“Children who engage in deviant acts must receive professional intervention, not just a ‘stern talk…’ By Ginger Kadlec

Sad teenager is scared and abused.

Sad teenager is scared and abused.

My stomach continues to churn as I read report after report about reality star Josh Duggar’s alleged admission of child molestation. Even more disappointing are the details being reported about the adults in his life who, if these reports are indeed accurate, failed to respond as they should.

Allow me to first acknowledge that any parent whose child admits to committing a crime of any type experiences a range of emotions from anger to disappointment to wanting to correct the child while at the same time protect him/her from repercussions of the act(s). While I have no first-hand vision into the Duggar’s lives, I would bet this is just what Josh’s parents Jim Bobb and Michelle were thinking… however, they failed to notify authorities for a year after learning about Josh’s acts. During that time, he allegedly molested again.

So, what can we learn from the Duggars? Here are 4 lessons for every family in this all-too-real-life story.

Lesson #1: The Law Says…

See The Washington Post for a timeline of events in the Duggar story.

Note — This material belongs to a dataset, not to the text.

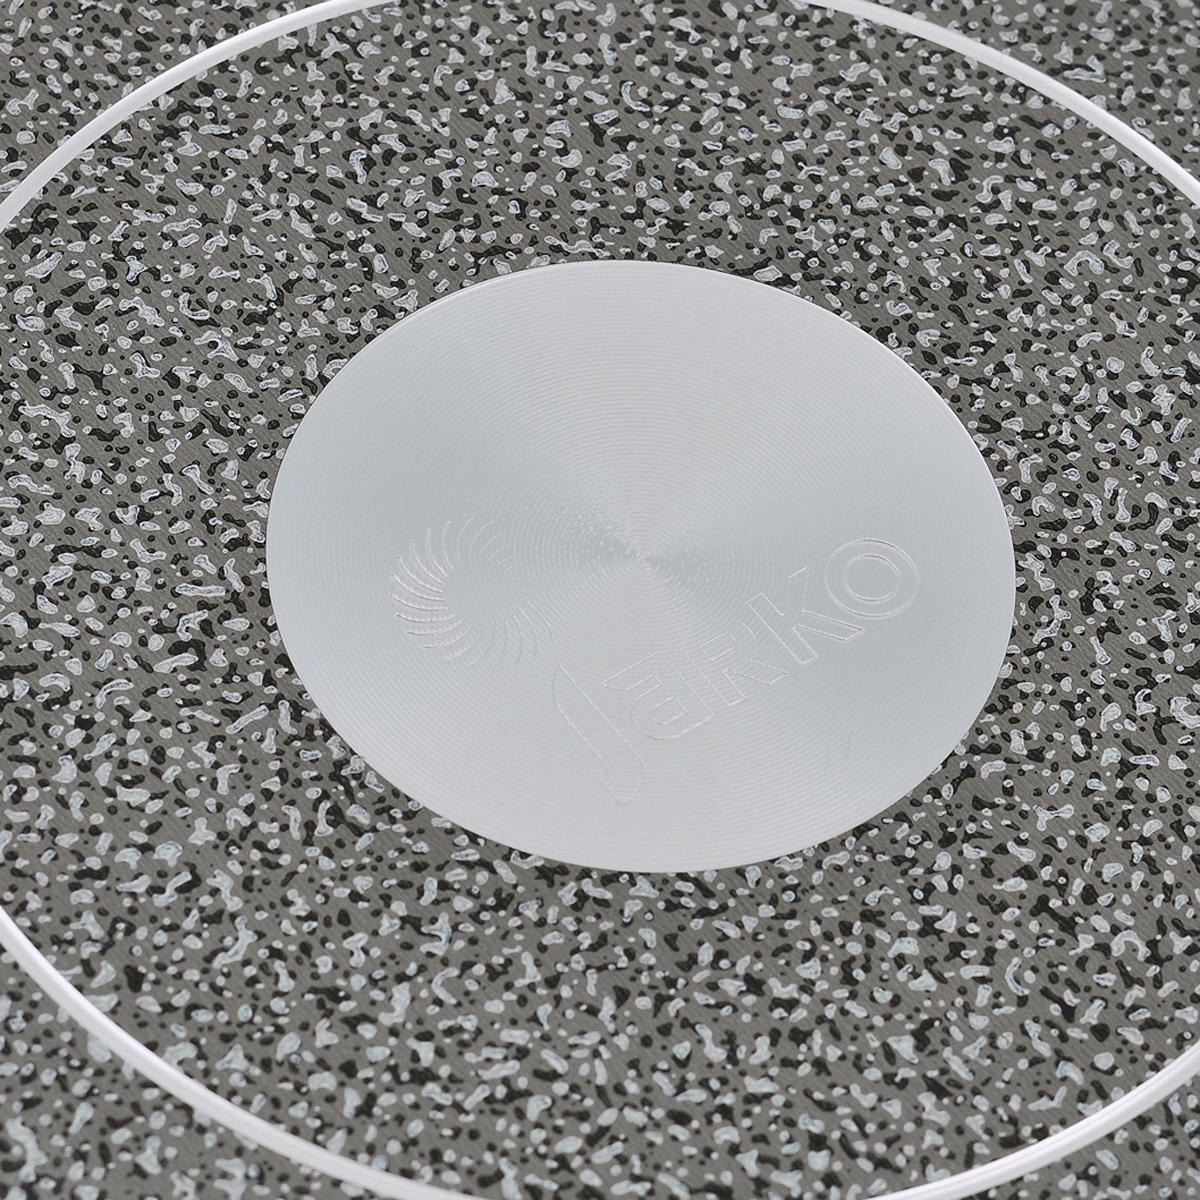 """Сковорода Jarko """"Onyx"""" изготовлена из экологичного алюминия с пятислойным внутренним и внешним антипригарным покрытием нового поколения PTFE Greblon. Она имеет 2 дополнительных слоя с эффектом каменного покрытия от Weilburger. Покрытие не оставляет послевкусия, делает возможным приготовление блюд без масла, сохраняет витамины и питательные вещества. Оно обладает повышенной стойкостью к царапинам и внешним воздействиям. Внешнее декоративное покрытие выдерживает высокую температуру. Съемная бакелитовая ручка не нагревается в процессе приготовления пищи. Сковорода пригодна для использования на всех типах плит, кроме индукционных. Подходит для чистки в посудомоечной машине. Не применять абразивные чистящие средства. Не использовать жесткие щетки."""

In many states (including my home state of Indiana), any adult who suspects or is aware that a child is being abused is REQUIRED to report that suspicion to authorities. Federal statute addressing child sexual abuse predominantly hands authority back to individual states and provinces.

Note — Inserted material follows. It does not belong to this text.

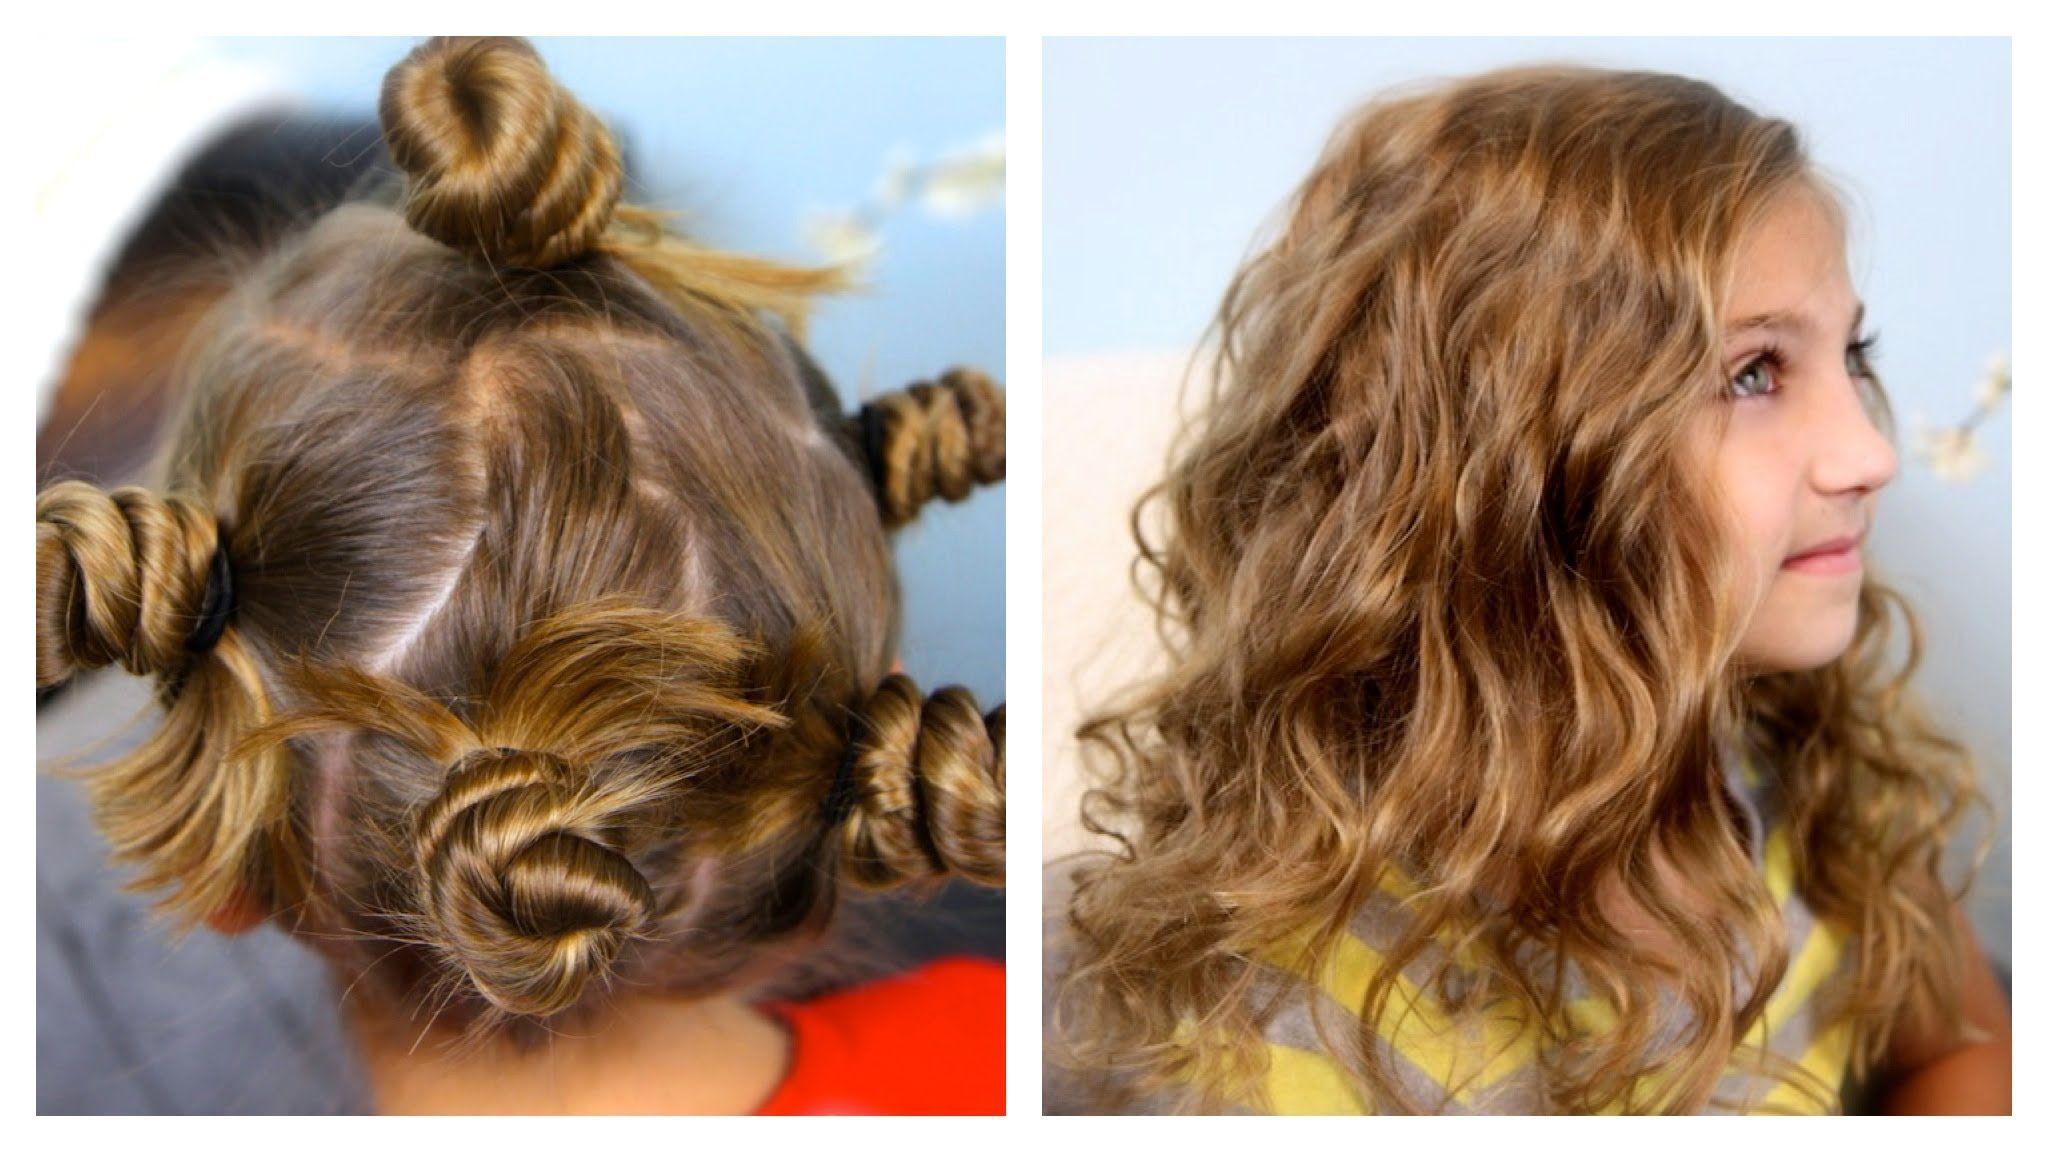 nice hairstyle - bantu knot curls | easy no-heat curls

I checked Arkansas’ (the Duggar’s home state) mandated reporting statute... apparently, it does NOT require anyone having knowledge about or suspicion of child abuse to report it. There is a list, though, of mandated reporters including teachers and clergy. My question in the Duggar case is, if these children were home schooled, didn’t the parents qualify as “teachers” and weren’t they then bound by mandated reporting requirements? The Duggars are also the parents of multiple alleged victims in this case. Was it ‘enough’ to get just counseling for them on the side?

Lesson #2: What is normal sex play?

It’s natural for children to become curious about their own sexuality and the sexuality of the opposite, or even same gender. “Ask Dr. Sears” offers a terrific explanation of genital play and what is normal vs. deviant behavior. This website states that many children are “…more interested in satisfying curiosity than in sexual arousal. You can tell innocent sexual curiosity from deviant sexual behavior by these characteristics. Innocent acts are occurring when…”

  • Children are young (under age seven), close in age, and know each other.
  • There is mutual agreement; one child is not forcing the other.
  • There is usually a game-like atmosphere: playing “doctor” or “I’ll show you mine if you show me yours.”
  • Secrecy is part of the game. As if sensing their parents would disapprove, children retreat into a bedroom, garage, or a private place. (This is true for deviant acts as well.) ~Source: Ask Dr. Sears

What isn’t acceptable is when a child, tween or teen coerces or forces another child into a sexual act, one example being fondling a victim who is sleeping, as alleged in the Duggar case.

What isn’t acceptable is when a child, tween or teen coerces or forces another child into a sexual act, one example being fondling a victim who is sleeping, as alleged in the Duggar case.

As a side note, children who are sexually abused sometimes act like they are asleep when they are in fact awake during an assault. It’s a response similar to that of a small animal who is attacked and “plays dead”, hoping its hunter will leave it alone and go away. The child victims in the Duggar case could have very well been aware of what was happening to them at the time of the alleged molestations.

Children who engage in deviant acts must receive professional intervention, not just a “stern talking to” or ‘punishment’ of physical labor to ‘work it out of their system’. This is a primary reason people need to report abuse.1 Depending on the circumstances, authorities aren’t out to put a kid in jail — instead, they want to intervene to help and be sure the child’s issues are addressed so they don’t perpetrate again.

Lesson #3: Protecting Child Victims

Nearly 20% of all child abusers are children themselves.

No family is perfect. But families where any form of abuse exists require intervention… especially, for children in the home. According to data shared by the National Children’s Alliance in 2014, nearly 1 in 5 (18.9%) perpetrators of child abuse were under the age of 18. Many of those were family members, siblings or friends who had ready access to their child victims. When sexual abuse allegations are substantiated among siblings, safety plans should be put in place and monitored by an outside organization or agency that specializes in the safety and protection of children. Again, I don’t have first-hand insight into the Duggar case, but from what I’ve read, it doesn’t appear that necessary safety measures were implemented.

A child who commits a crime isn’t a bad person that society should just write-off, send to juvy and hope for the best. Rather, it’s a child who needs intervention, guidance and help. In my experience as a child forensic interviewer, child perpetrators often abuse because they themselves were victimized in some way. That victimization can come in many forms including being a victim of sexual molestation themselves or even witnessing adult sexual behavior/acts which can include viewing videos or photographs that are not age appropriate.